**WHAT YOU ARE ASKED TO DO:** Copy out the whole listing exactly as written, leaving the pictures behind.

**DATASET EXCERPT:**
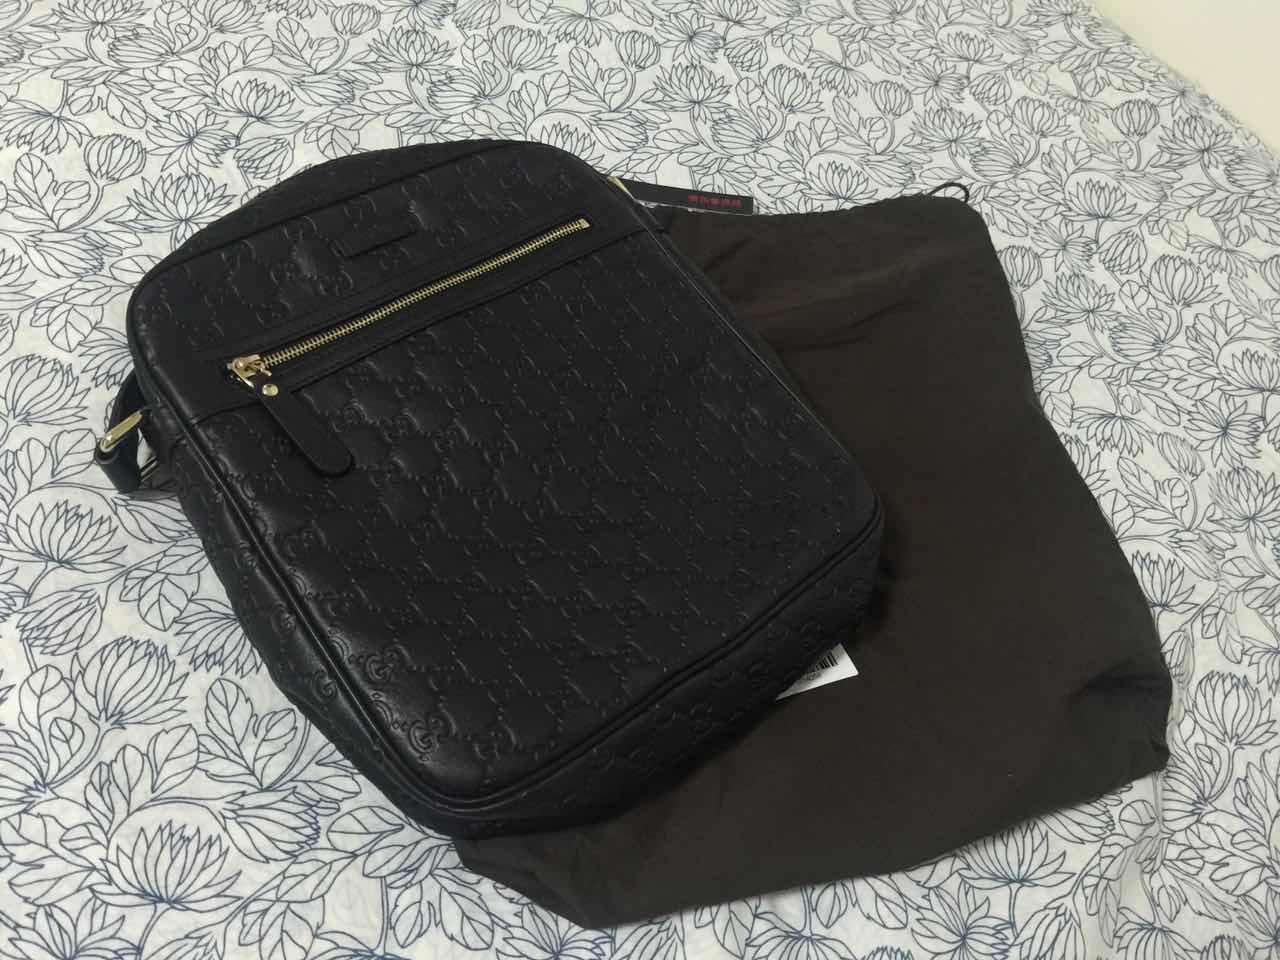 gel-kayano 20 lite-show t39sq 00964789 forsale
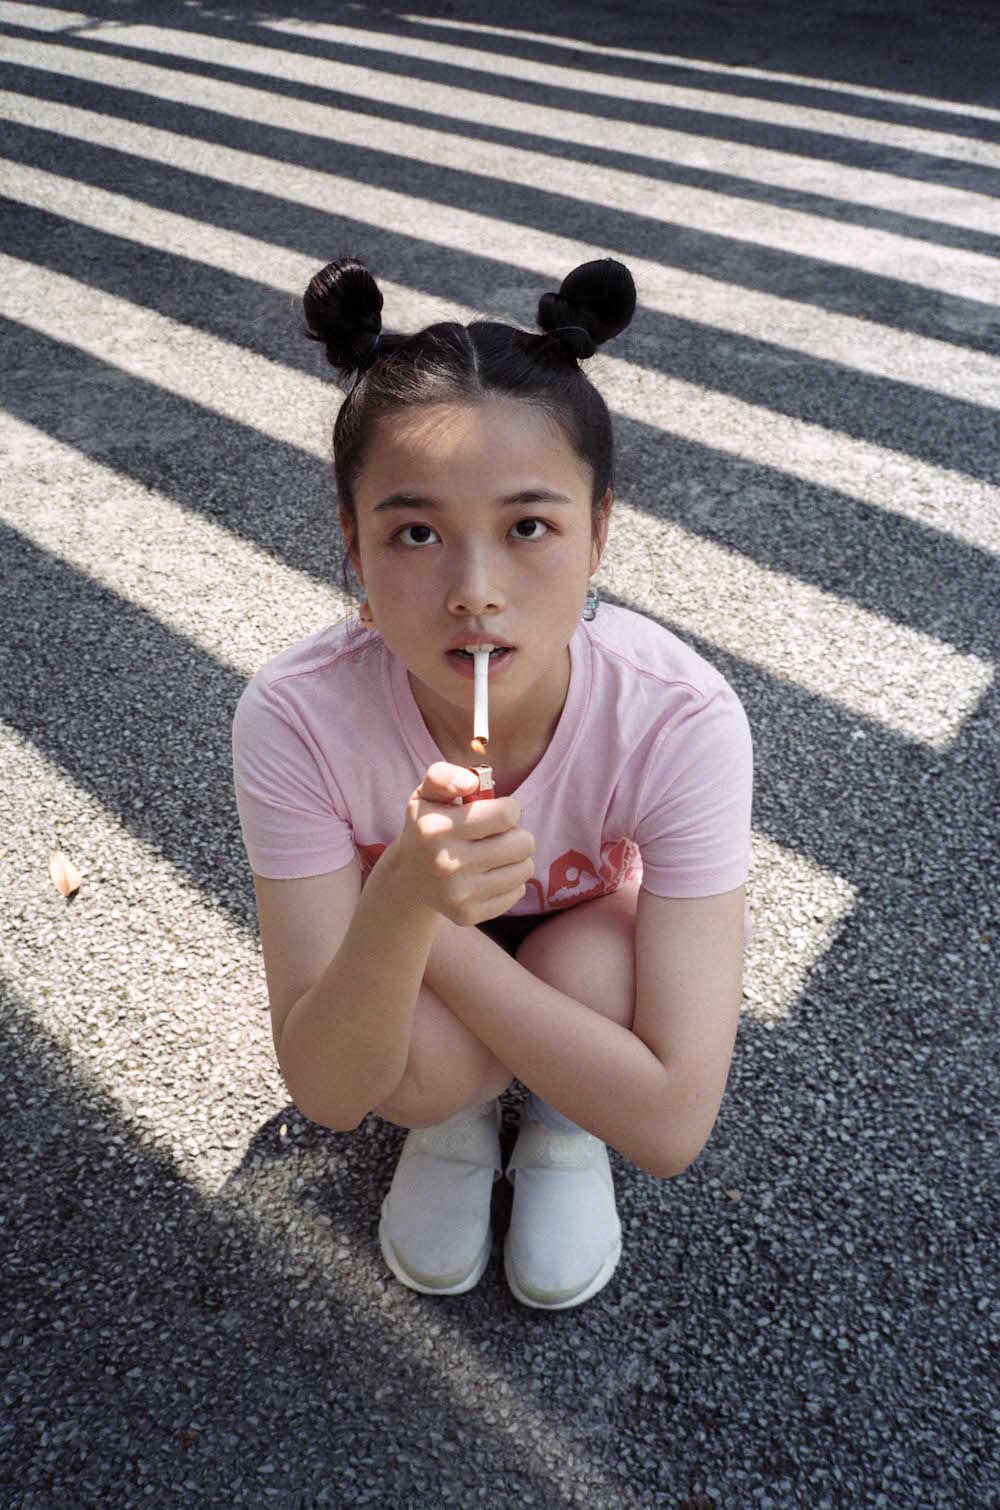 duran-levinson-shanghai-photography-7-1.jpg
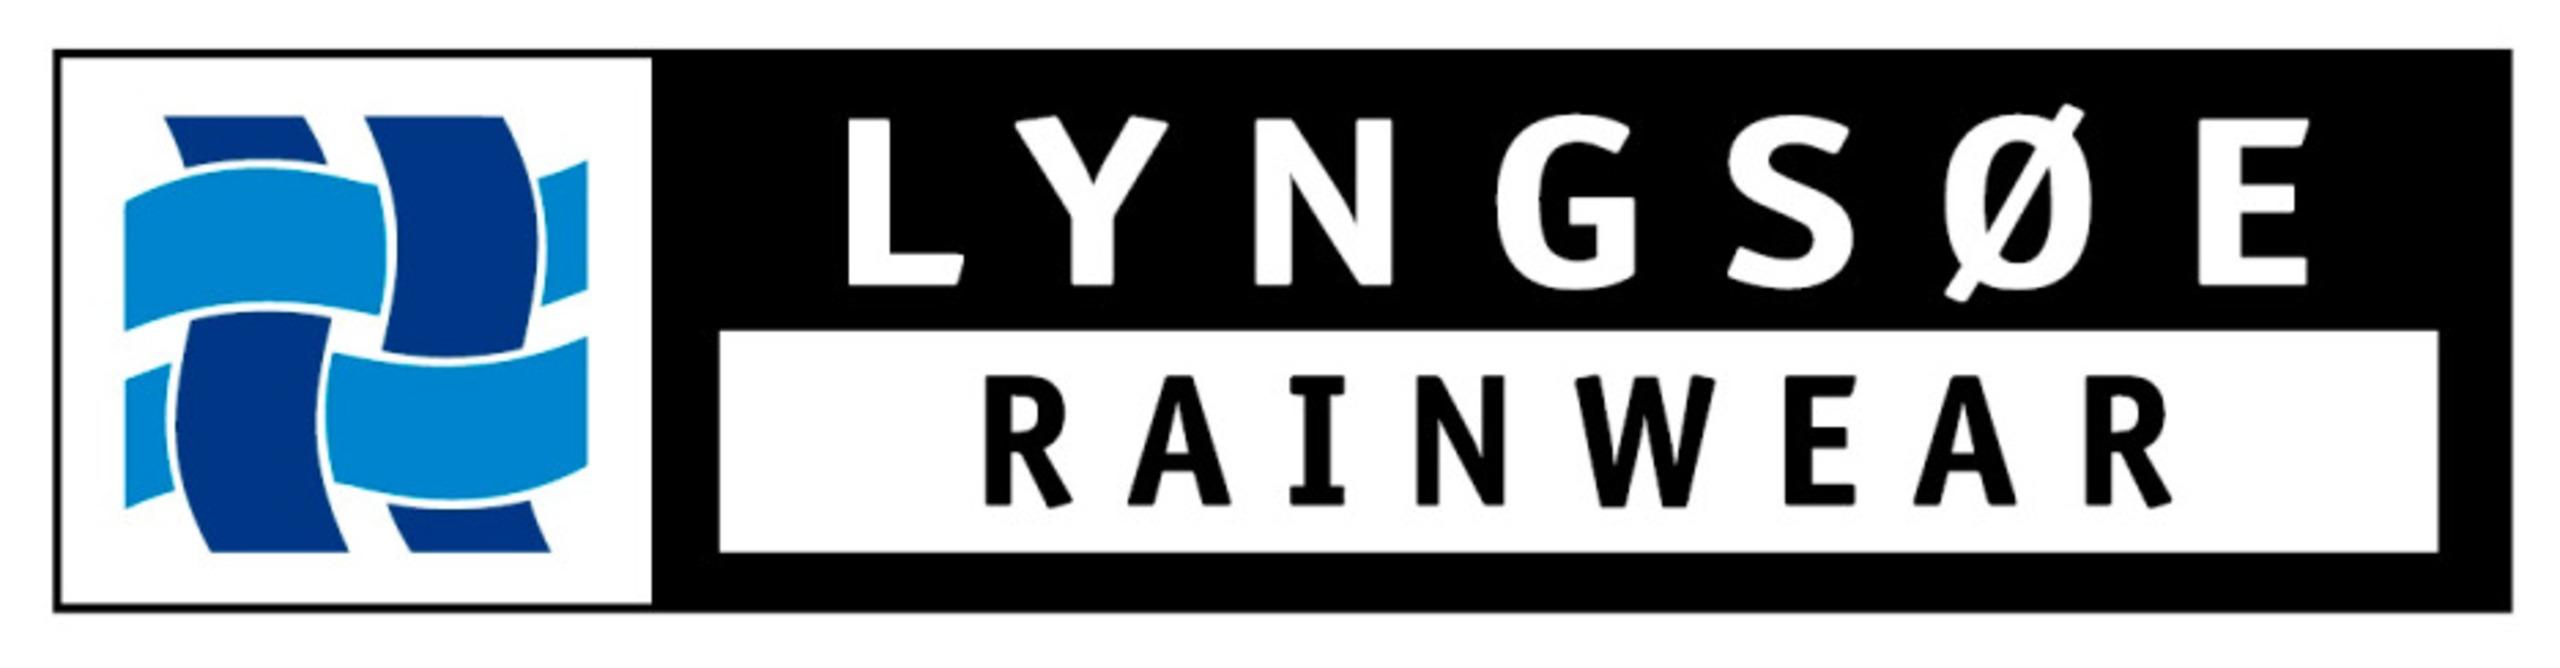 Lyngsøe Rainwear

**ANSWER SPACE:**
 gel-kayano 20 lite-show t39sq 00964789 forsale
 duran-levinson-shanghai-photography-7-1.jpg
 Lyngsøe Rainwear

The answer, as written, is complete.